• _PROMPT_:
Everything in the listing below has to be repeated exactly, except the pictures.

• _RAW DATA_:
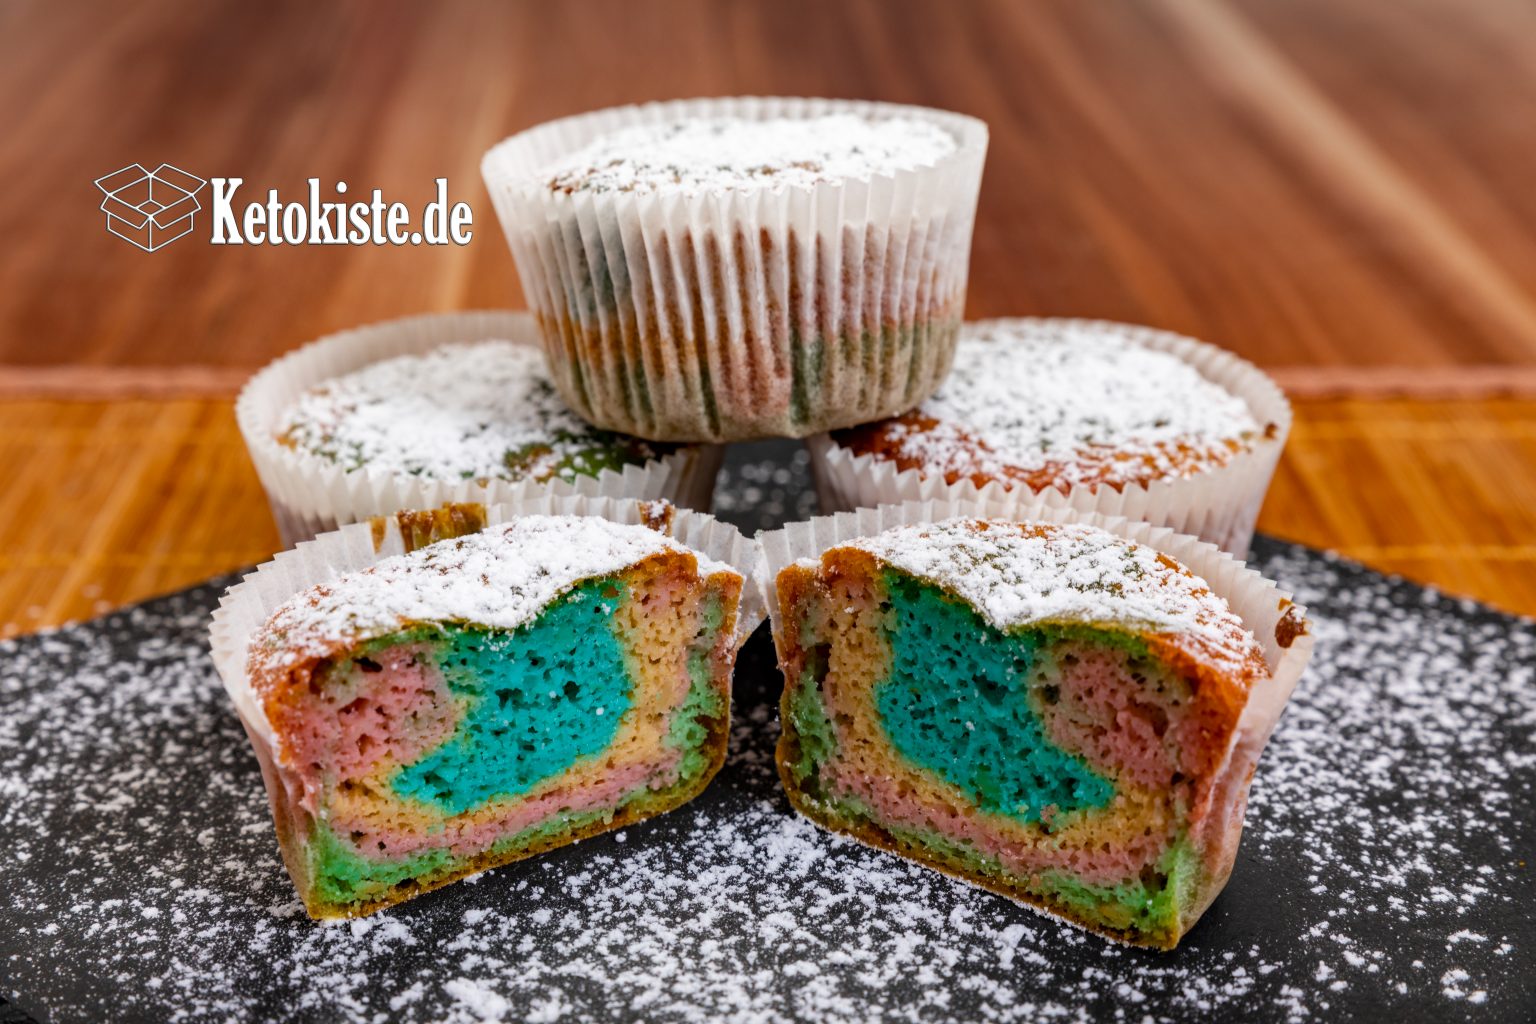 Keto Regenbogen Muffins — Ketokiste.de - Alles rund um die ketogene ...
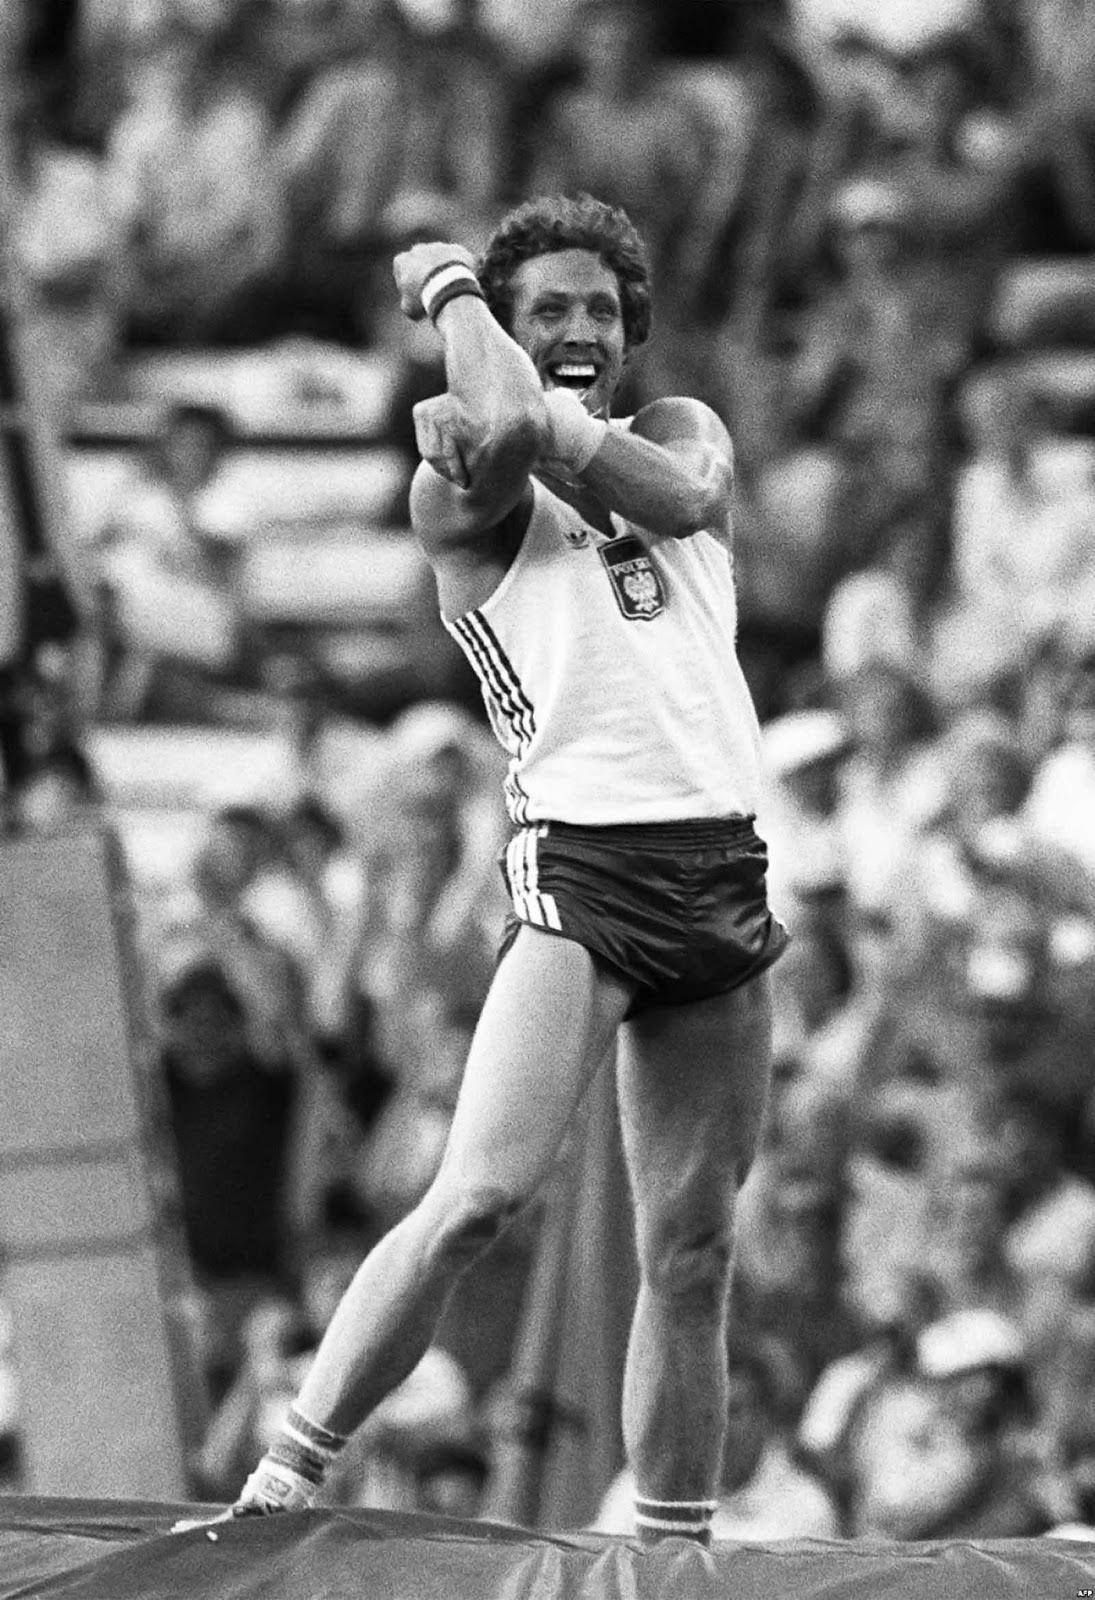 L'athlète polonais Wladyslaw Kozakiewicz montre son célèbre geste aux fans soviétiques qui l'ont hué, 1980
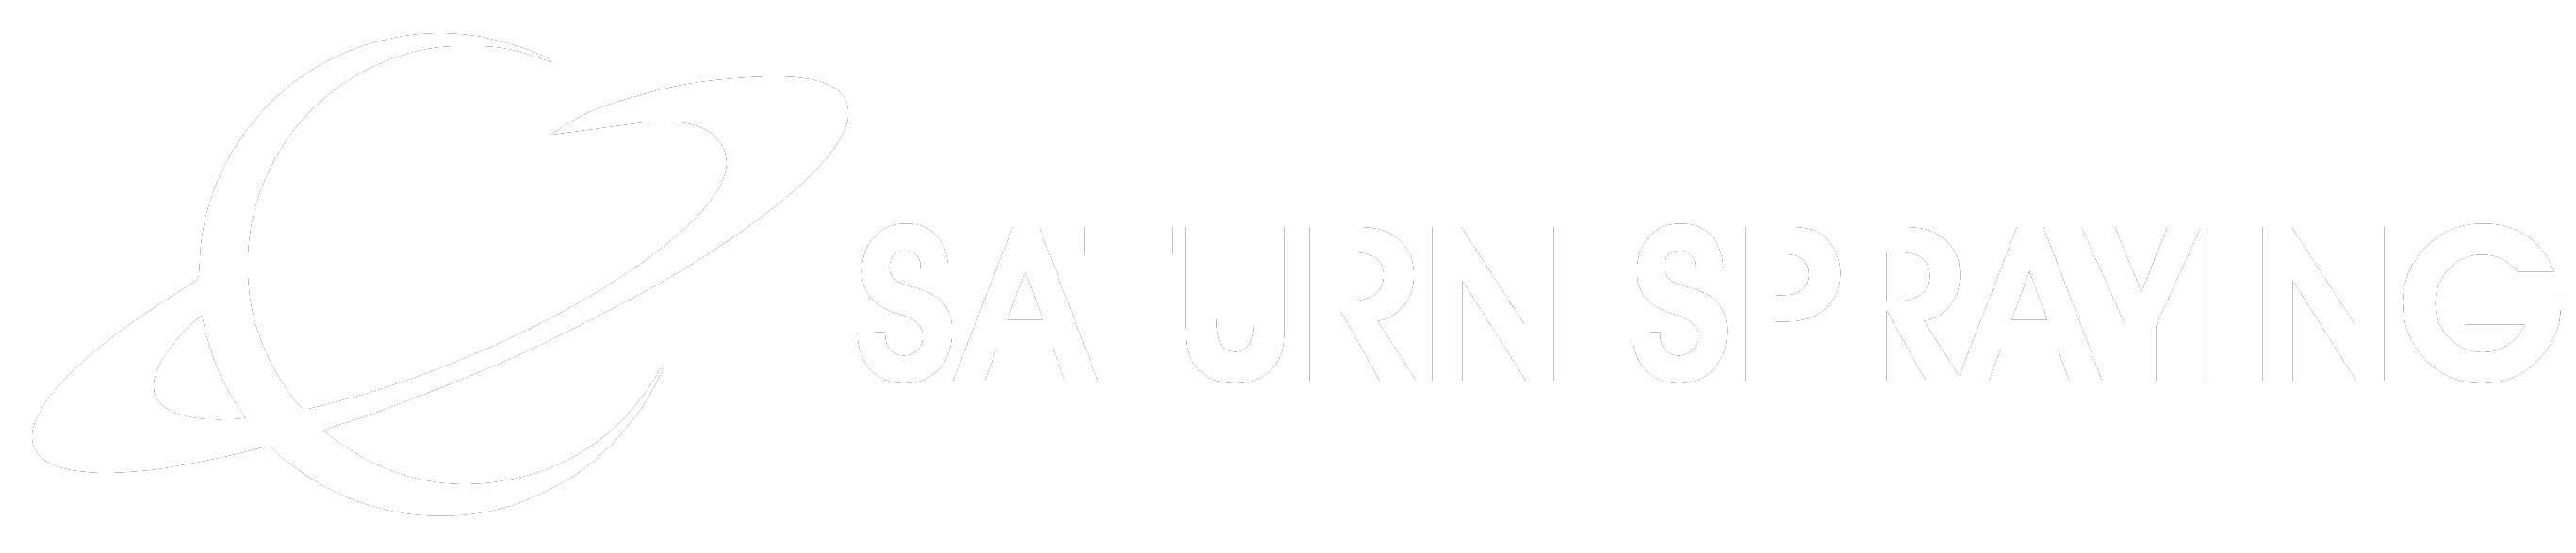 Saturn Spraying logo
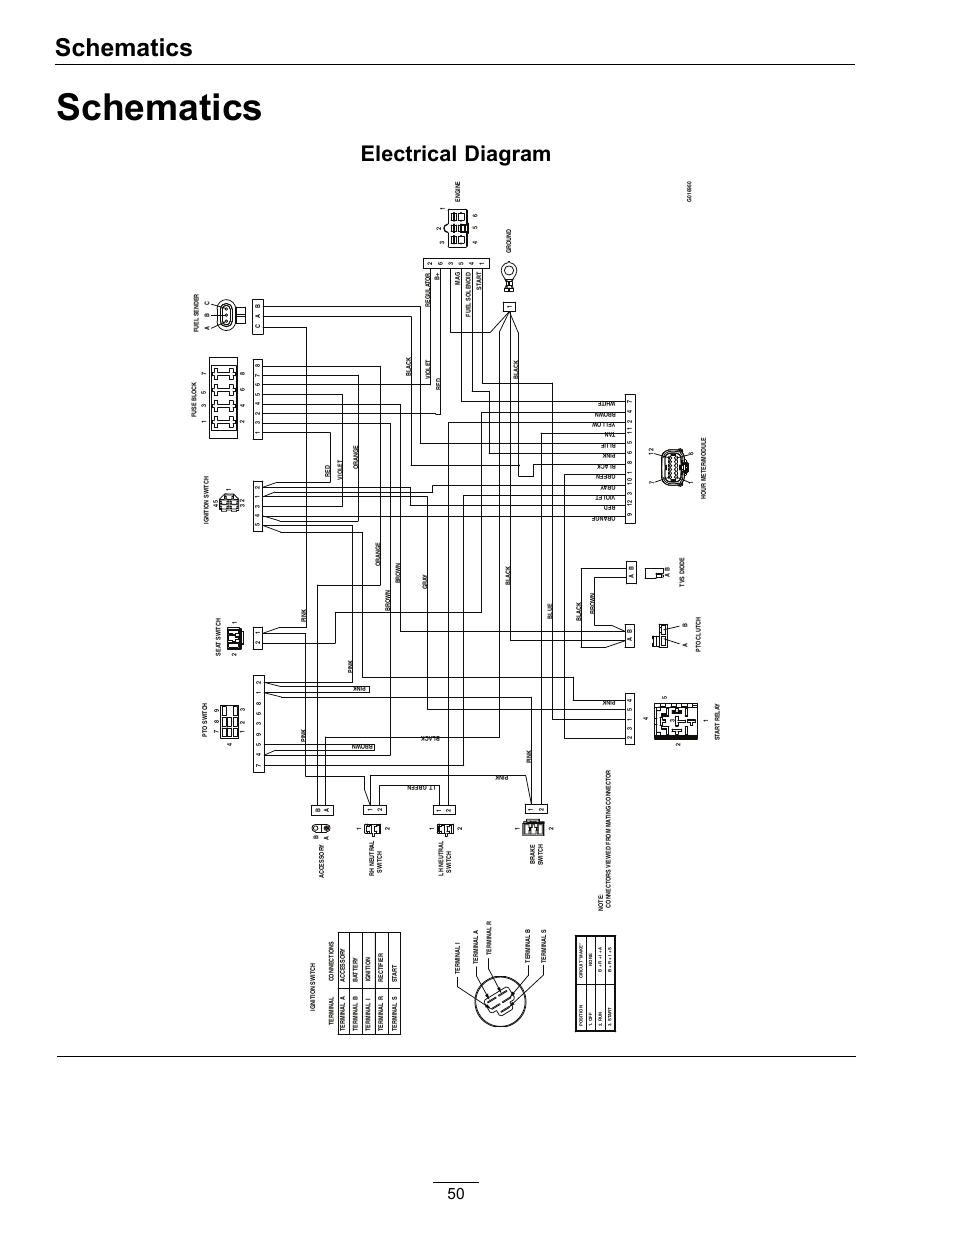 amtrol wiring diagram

• _RESPONSE TO THIS EXERCISE_:
 Keto Regenbogen Muffins — Ketokiste.de - Alles rund um die ketogene ...
 L'athlète polonais Wladyslaw Kozakiewicz montre son célèbre geste aux fans soviétiques qui l'ont hué, 1980
 Saturn Spraying logo
 amtrol wiring diagram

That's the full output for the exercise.